Re:Biggest problem in IT security: ID-10-T errors

[SuricouRaven]

For a start, just convince every site to use SSL. It's possible to MITM SSL, but not on a large scale without detection. All the ISPs would be able to log is DNS lookups and IP addresses, which is still bad but not nearly as bad as being able to see individual pages accessed. Then you can start looking into possible ways to make DNS harder to monitor somehow.

Re:Biggest problem in IT security: ID-10-T errors

[fustakrakich]

...it just has to increase the cost of mass surveillance to a level where it is no longer feasible.

It doesn't work that way. It becomes a call for a bigger budget and higher taxes to pay for it.

This could totally work out

[SpzToid]

Edward Snowden certainly has name recognition in the security space, which in branding terms equals big money. He's got his share of wild and crazy times overseas doing various hijinx not always on the up and up, sorta just like other security specialists of an earlier generation. Sure, in terms of branding alone Snowden could easily become the next McAfee, and he's still very young!

And isn't as if they weren't both wanted on international warrants either; and street cred. does sell sneakers.

Re:Don't you want to be a traitor too?

[some+old+guy]

Don't be a police state fan boy, and learn to spell "cretin", cretin.

Re:Don't you want to be a traitor too?

[ChristW]

If making people realise that their basic rights are being trampled makes me a traitor, then I'd want to be a traitor any day...

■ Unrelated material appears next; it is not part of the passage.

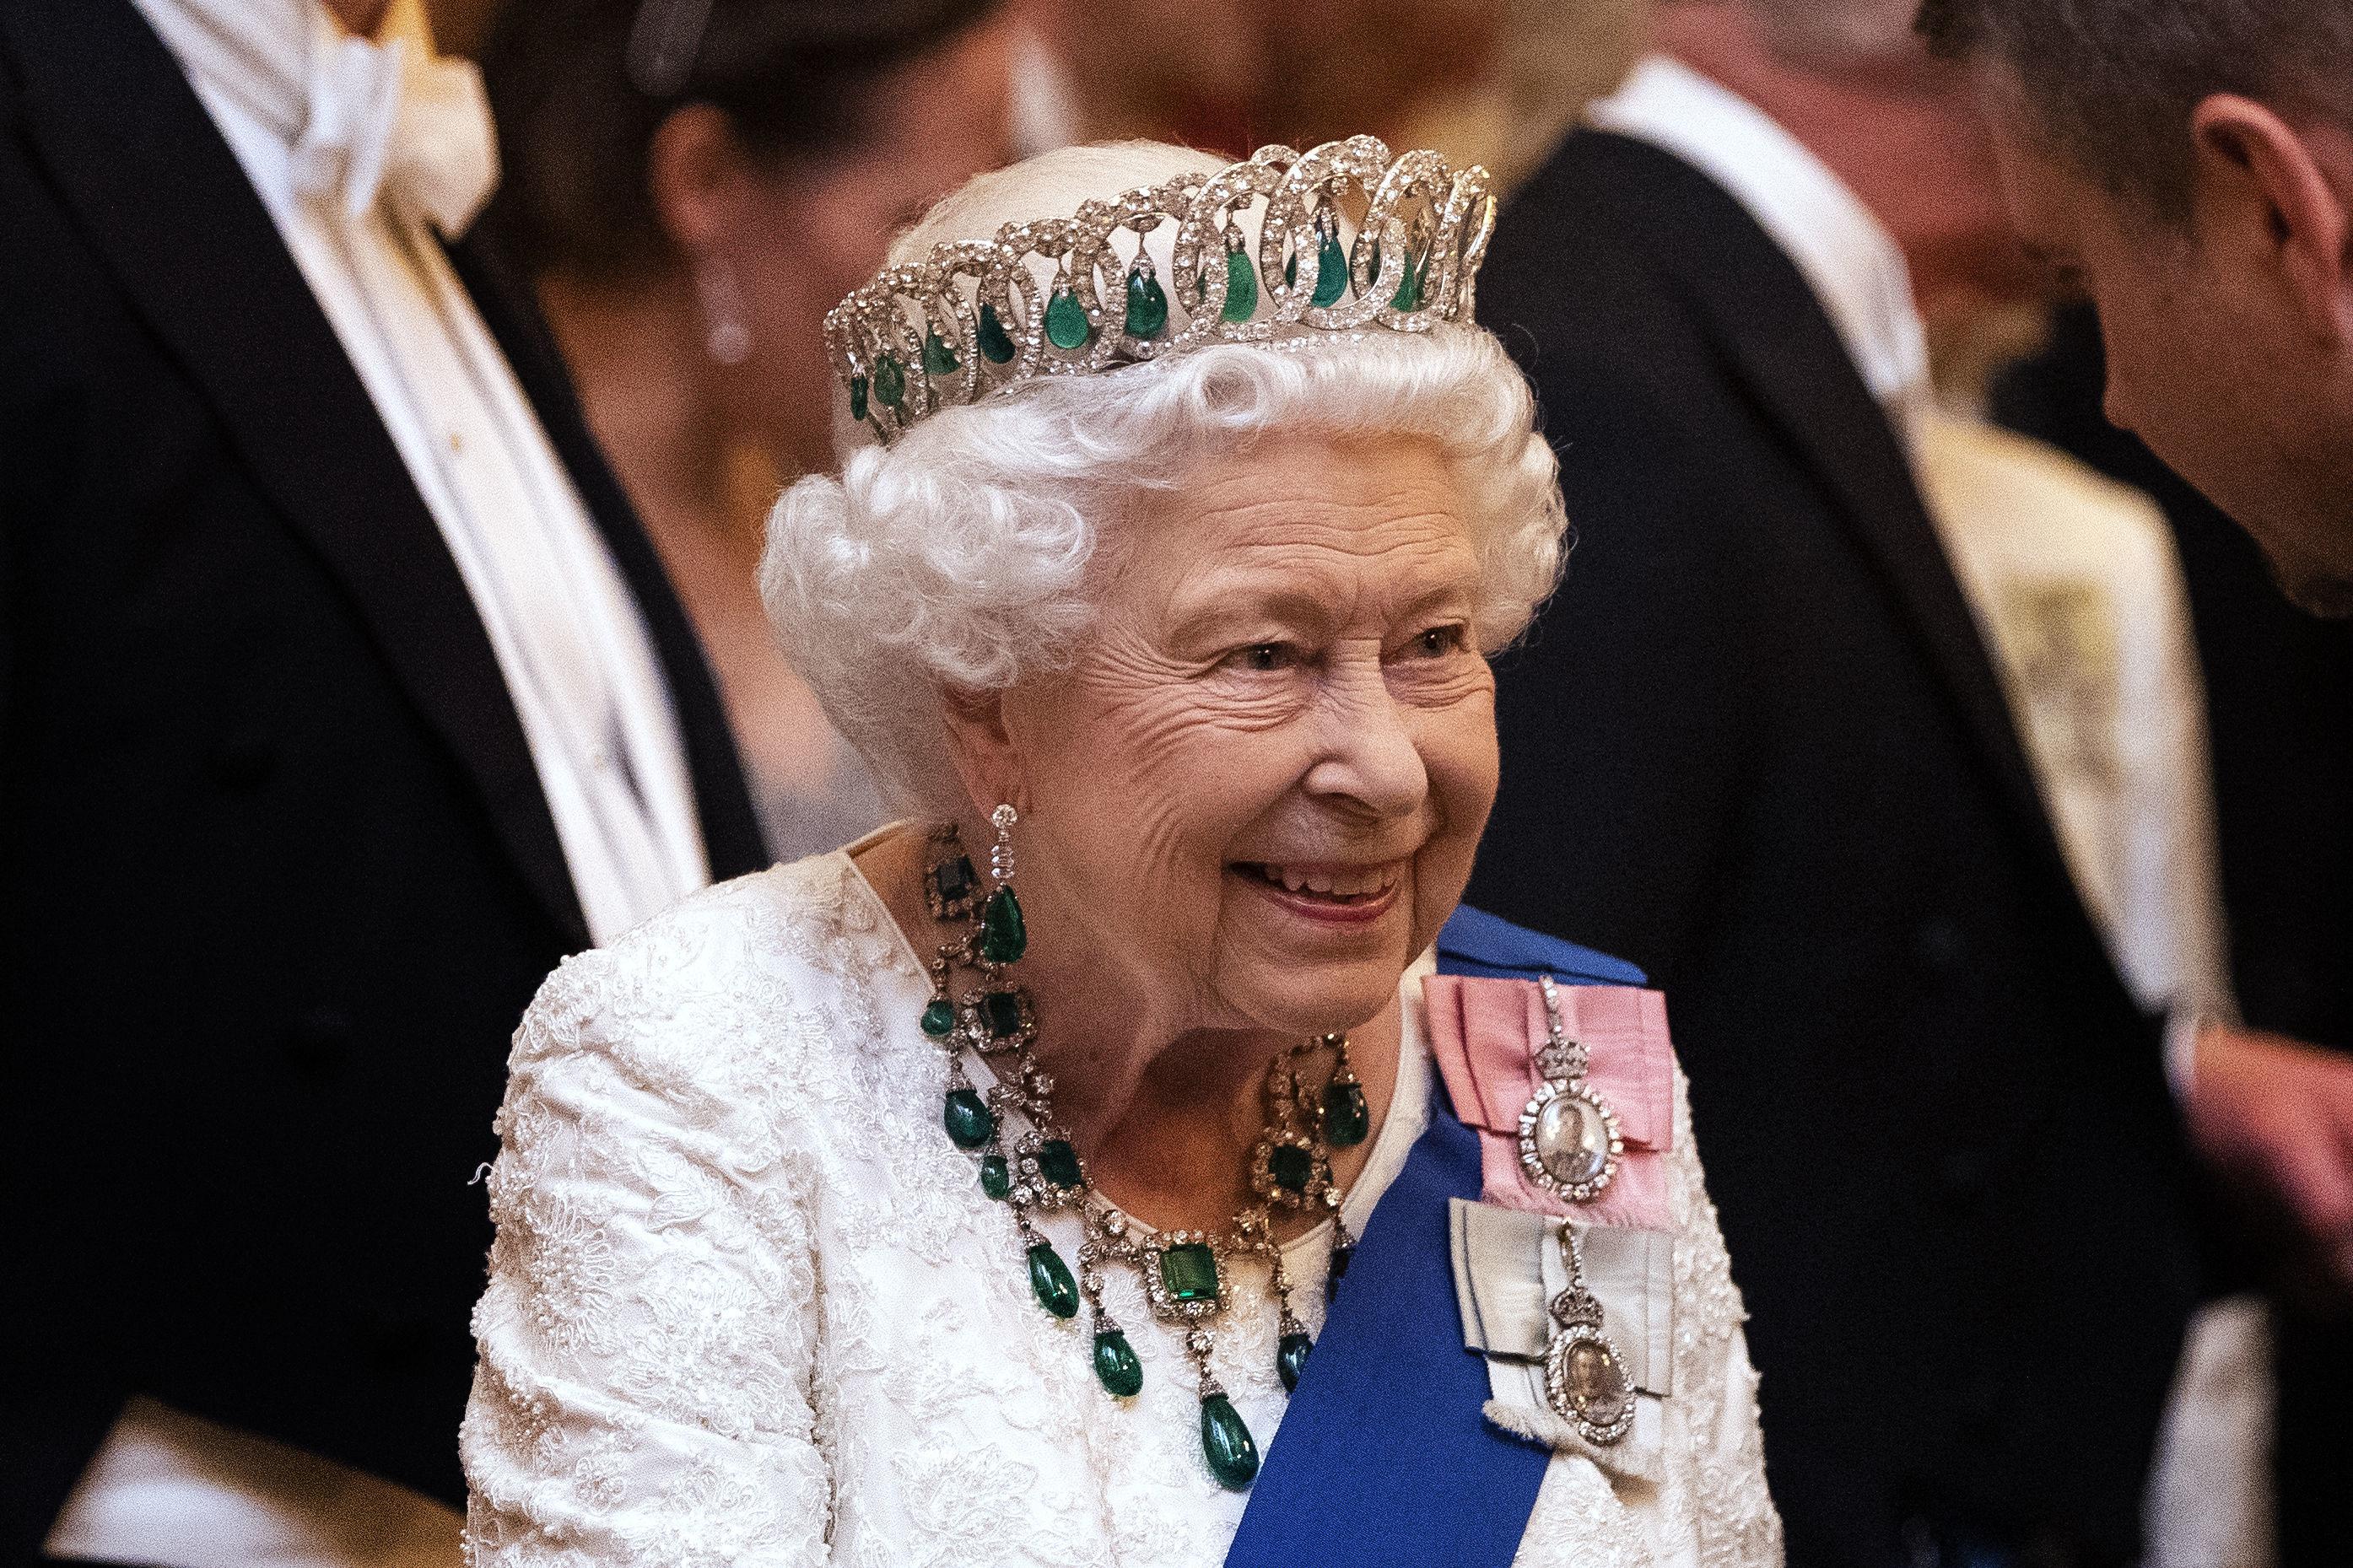 La reine Elizabeth fête ses 94 ans confinée - Femmes d ...

Re:Don't you want to be a traitor too?

Ain't you worried that there is someone with an erect penis monitoring your private communications inside an NSA control room?

So Slashdot...

"You in this room, right now have both the means and the capability to improve the future by encoding our rights into programs and protocols by which we rely every day,"

Looking at you Slashdot.

When are we going to have access to this site with https? You can stop pushing down out throats your fucking annoying beta and do something useful for everybody instead.

Re: So Slashdot...

You mean https that's built on OpenSSL?

Re: So Slashdot...

A protocol isn't built on an implementation. Use a version of OpenSSL that doesn't have known bugs or use another SSL implementation if you want to.
Claiming that HTTPS is unsafe just because one implementation has bugs is like saying that C is slow because someone wrote a bad compiler once.

Re:So Slashdot...

[ArcadeMan]

Do something useful? Do you have any idea what it would do to Dice's profits?

Re:So Slashdot...

[AmiMoJo]

At this point I'm thinking that the NSA or GCHQ asked them not to implement HTTPS. What other reason could there be for not taking the simple, low cost, minimal action required to enable it? Soylent News, which runs on the same code base, supports it.

Re:So Slashdot...

And IPv6 access while you are at it.

Re: So Slashdot...

Use a version of OpenSSL that doesn't have known bugs

Bwa ha ha ha ha ha ha ha!
Yeah, the guys who are making LibreSSL probably wish you could be doing that. If they weren't compelled to make a decent SSL implementation, they could probably focus more on things like the anti-botnet research of the Hail Mary cloud. But, since OpenSSL is known to not patch bugs, they've decided that this other work is necessary.
Please don't refer to an OpenSSL version that doesn't have known bugs. Just because one super-critical bug has been identified and addressed does not mean that all other known security problems have been fixed.

Re:So Slashdot...

[Opportunist]

I'm fine with http. I'm just stating my opinion. If that is grounds to lock me up, you can as well lock me up for then I'm in a prison already.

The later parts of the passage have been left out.